Even Low Levels of Lead in Drinking Water May Harm ESKD Patients

water glass
water glass
Hemoglobin levels lower, erythropoietin stimulating agent use higher, even for water lead levels below EPA threshold for regulatory action

HealthDay News — For patients with end-stage kidney disease (ESKD), even low levels of lead in drinking water are associated with adverse health outcomes, according to a study published online July 15 in the Journal of the American Society of Nephrology.
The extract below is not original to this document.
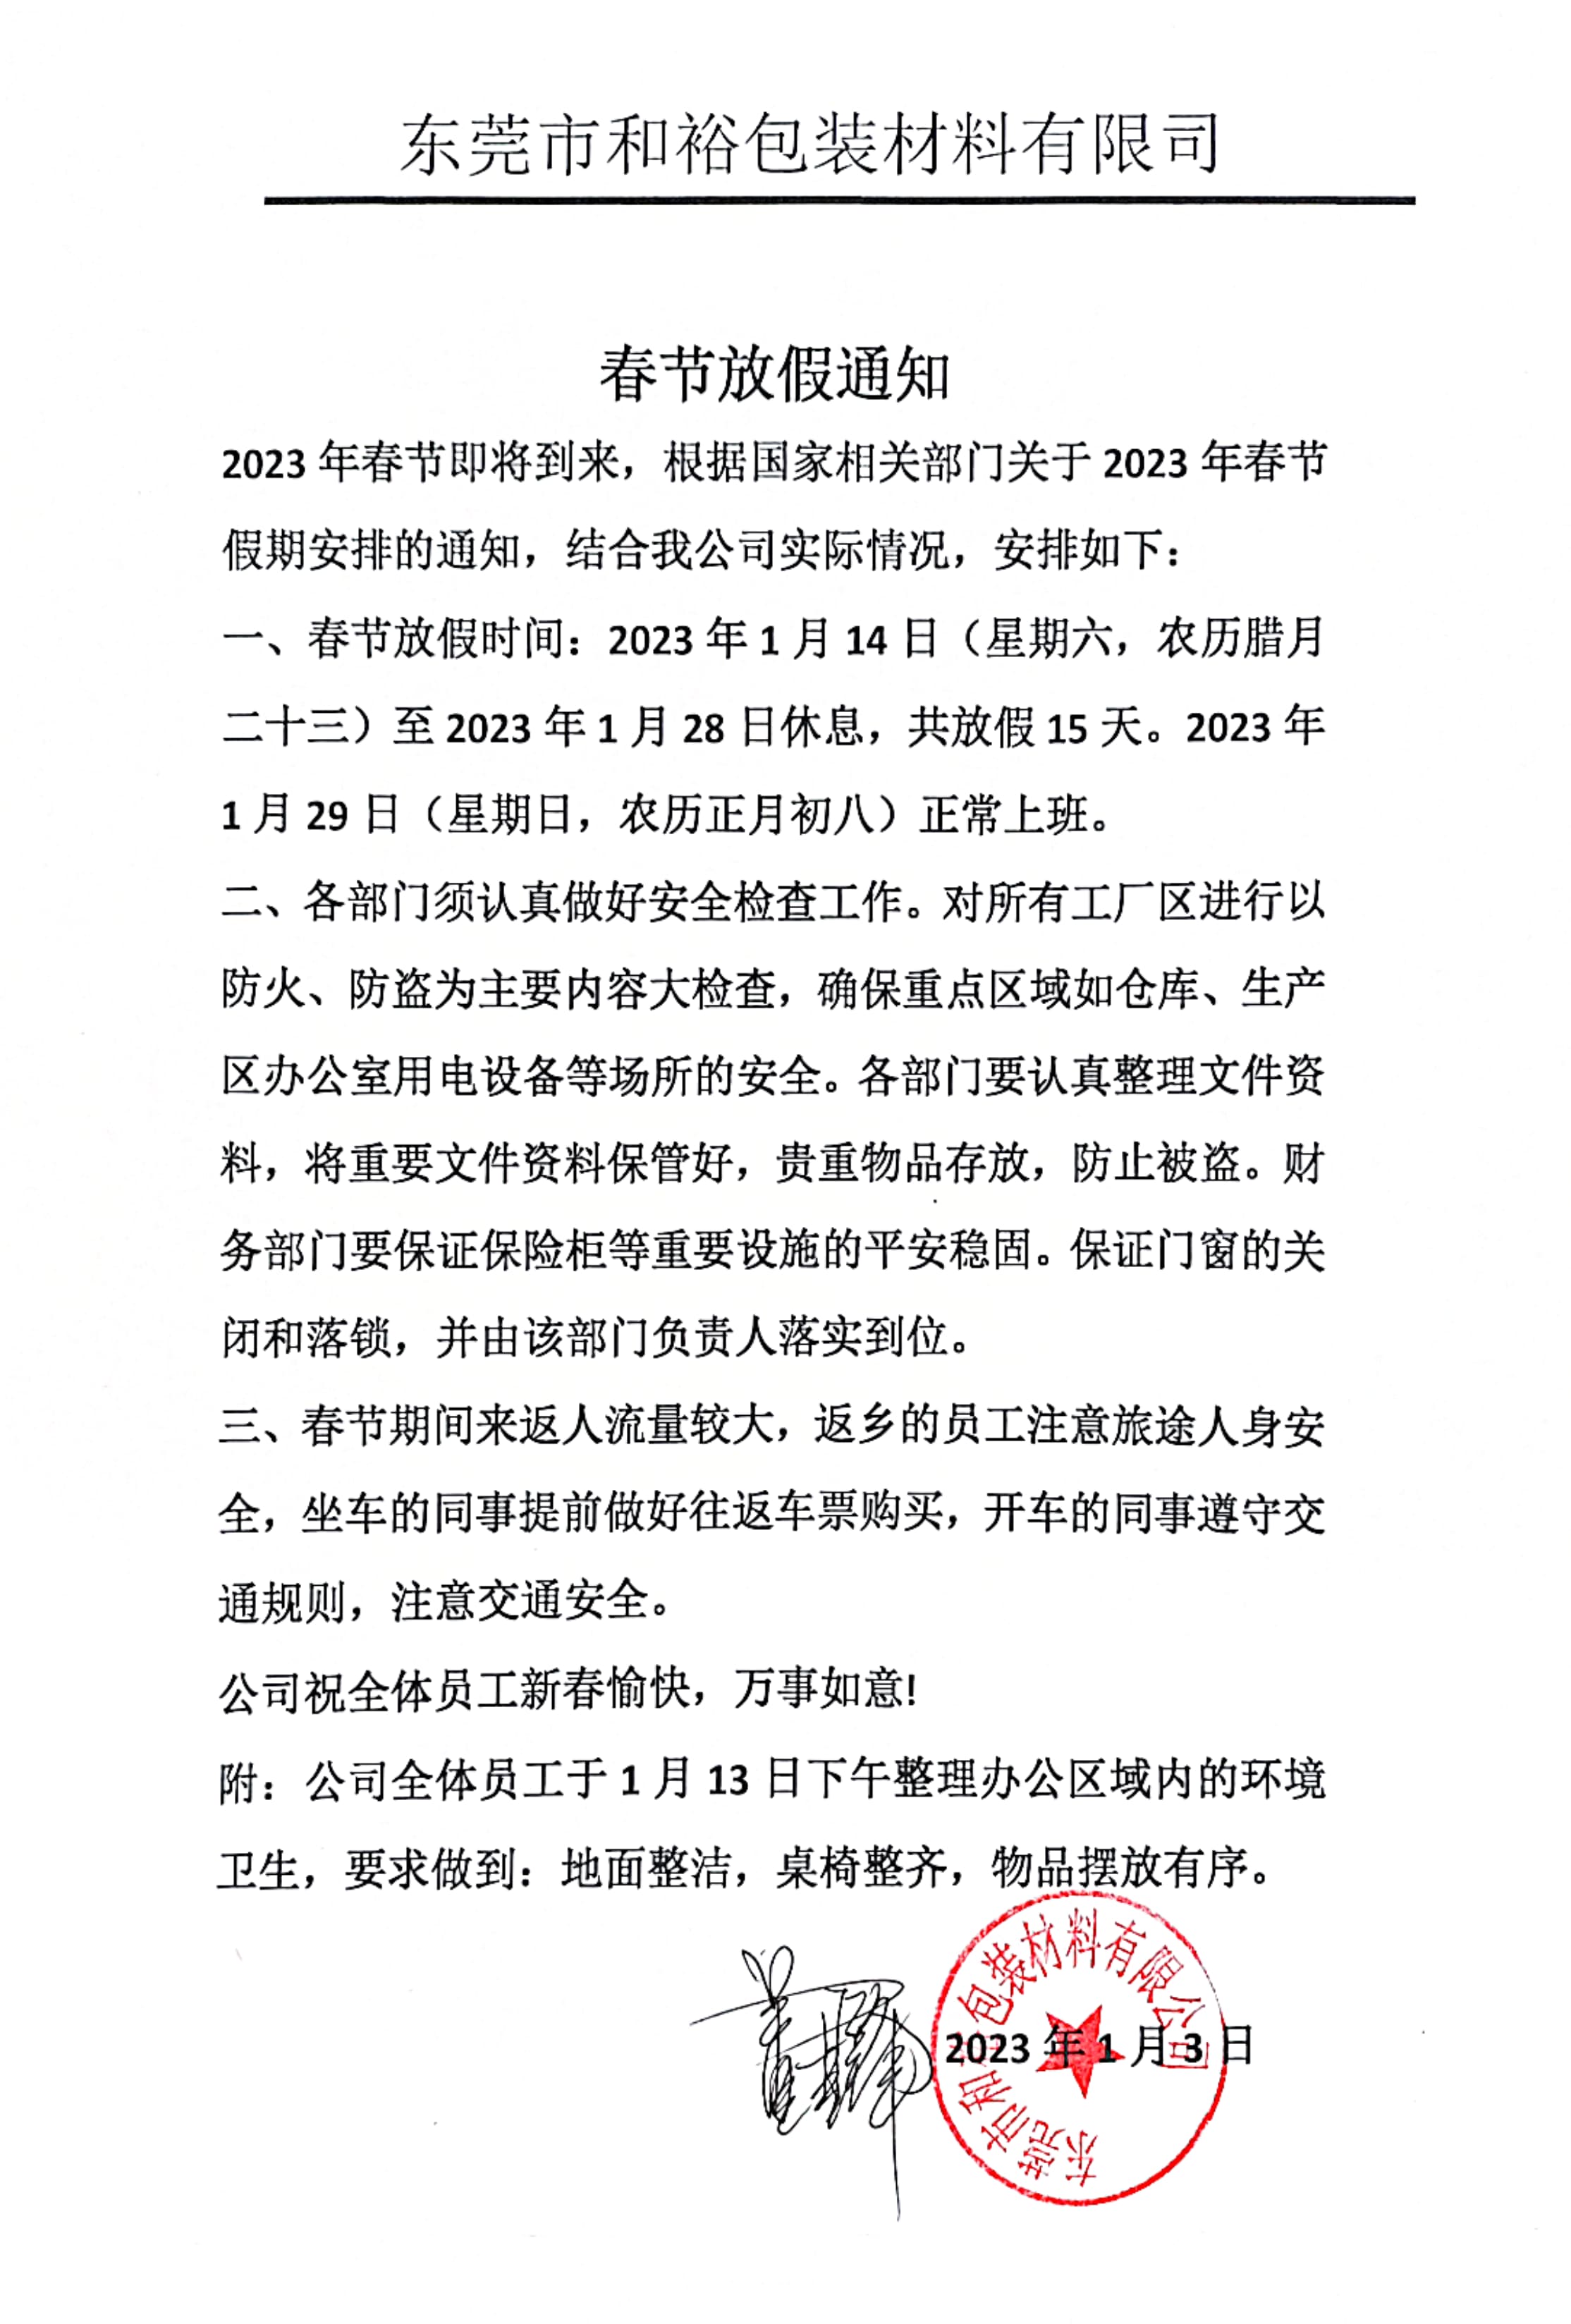 唐山市2023年和裕包装春节放假通知

John Danziger, MD, from the Beth Israel Deaconess Medical Center in Boston, and colleagues examined whether lead levels in community water systems were associated with hemoglobin concentrations and erythropoietin stimulating agent (ESA) use among patients with incident ESKD. The average 90th percentile lead concentrations in community-water systems in the 5-year period prior to dialysis initiation were examined among 597,968 patients initiating dialysis in the United States between 2005 and 2017.

The researchers found that for patients in cities with detectable levels of lead in community water, per 0.01mg/L increase in 90th percentile water lead, pre-ESKD hemoglobin concentrations were significantly lower (0.02g/dL) and ESA utilization was higher (0.4%). For the 208,912 patients with data available from the first month of ESKD therapy, the findings were similar, with lower hemoglobin (0.05g/dL) and higher ESA use (0.3%) per 0.01-mg/L higher lead concentration. These associations were seen at lead levels below the threshold of the Environmental Protection Agency, which mandates regulatory action. Environmental inequities were seen; compared with White patients, Black patients had higher water lead levels and slower decreases over time.

“More rigorous efforts to improve the water system infrastructure may be needed to protect individuals from unrecognized hazard,” Danziger said in a statement.

Two authors disclosed financial ties to industry; one author has provided medical-legal consulting.